Exclusion Status Section II: We do not insure your claims arising from: (6) Bodily injury or property damage caused by any intentional or criminal act or failure to act by: (a) any person insured by this policy; or (b) any other person at the direction of any person insured by this policy.

In other words, even though Todd had comprehensive homeowner’s insurance that covered any personal liabilities connected to property damage anywhere in the world, his insurance company insisted this one fell outside the line.
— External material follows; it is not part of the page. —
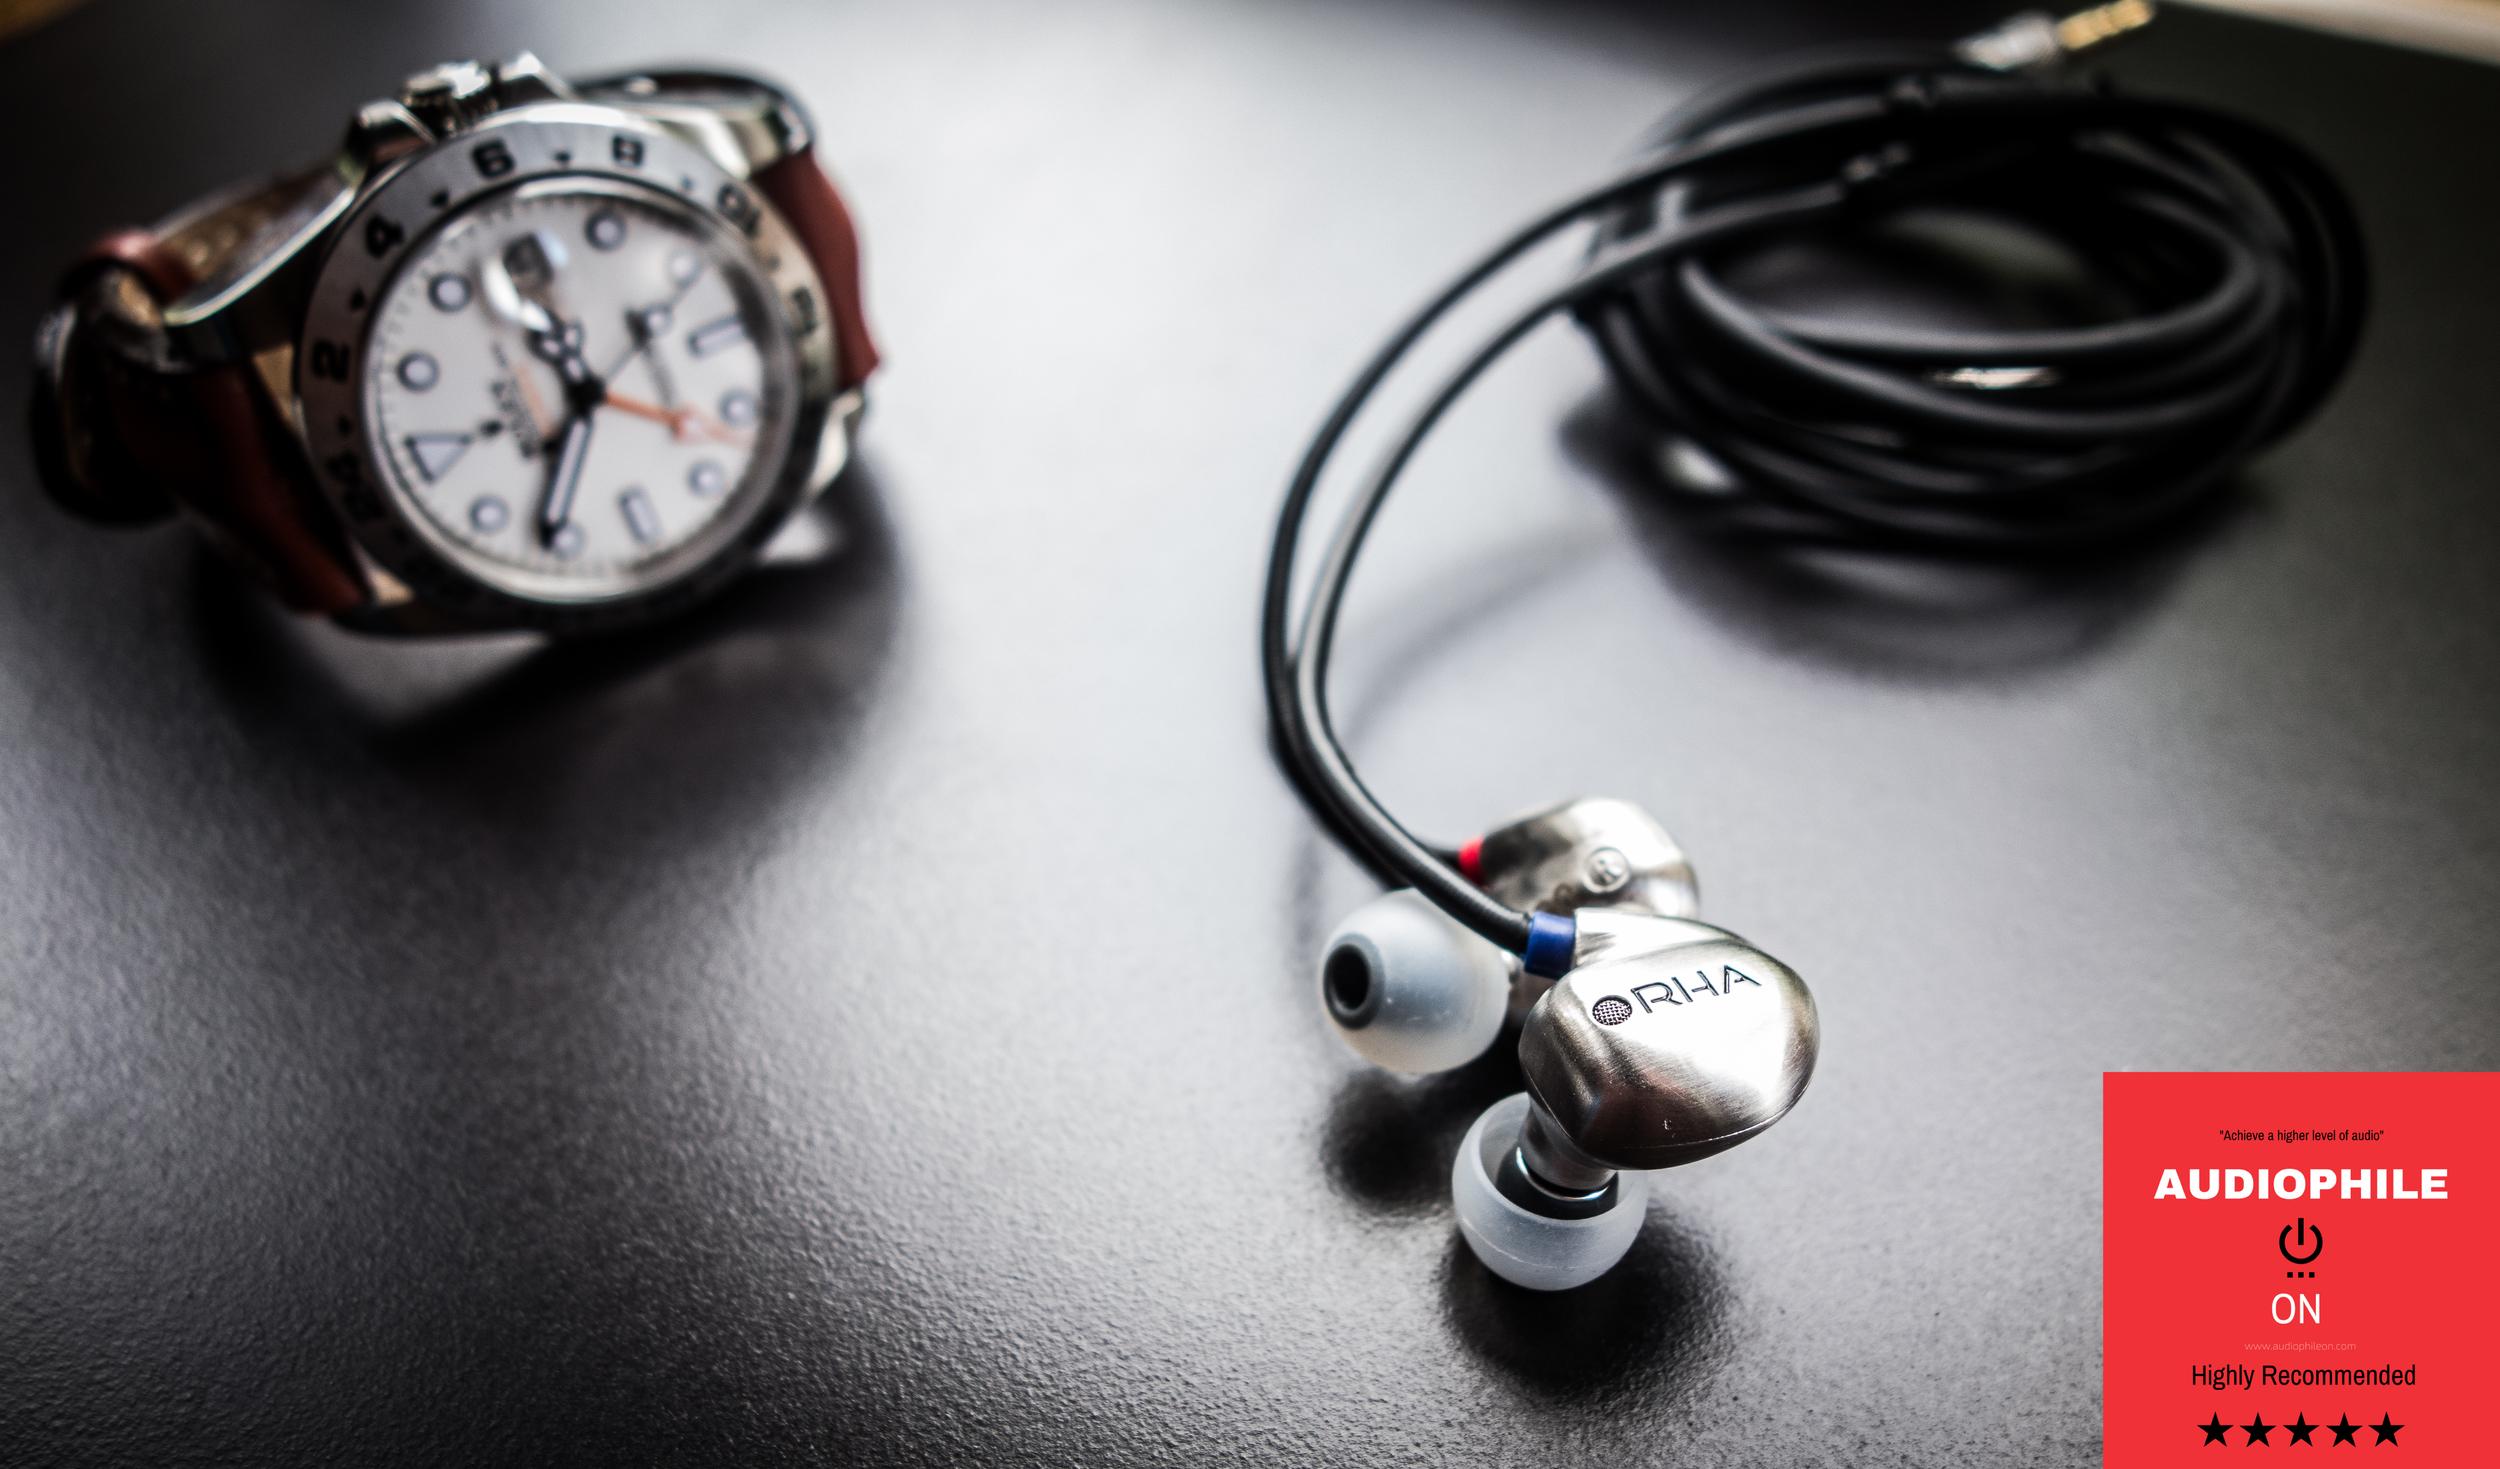 The new RHA T20 earphones

The Ontario Superior Court of Justice agreed with the insurance company.  Here is how Justice Gunsolus summarized the law in this area (at least in Ontario):

Where an insured [e.g. Todd] seeks to enforce a duty to defend [e.g. in the lawsuit against his son and him], the onus is on the insured to show that the claim, if proven, falls within the scope of coverage provided by the policy.  Only when this threshold is met, does the onus shift to the insurer [e.g. ING] to show that the claim falls outside the coverage because of an applicable exclusion.  Where it is clear from the pleadings that the claim falls outside of the coverage of the policy, by reason of an exclusion clause, the duty to defend does not arise.

Translating from legalese, this is the idea: based on the language of the policy, Todd would need to first show that if he lost the lawsuit with the school board the resulting liabilities would be covered by the policy.  However, since in this case the lawsuit specifically claimed that Todd’s failure to act led to the property damage (and since that sort of conduct by Todd is outside the scope of the policy because of the exclusion clause), ING does not need to defend him. 

At the end of the day, the court may find that Todd did everything right as a parent in connection with his son’s misconduct, in which case ING would likely return to the fray.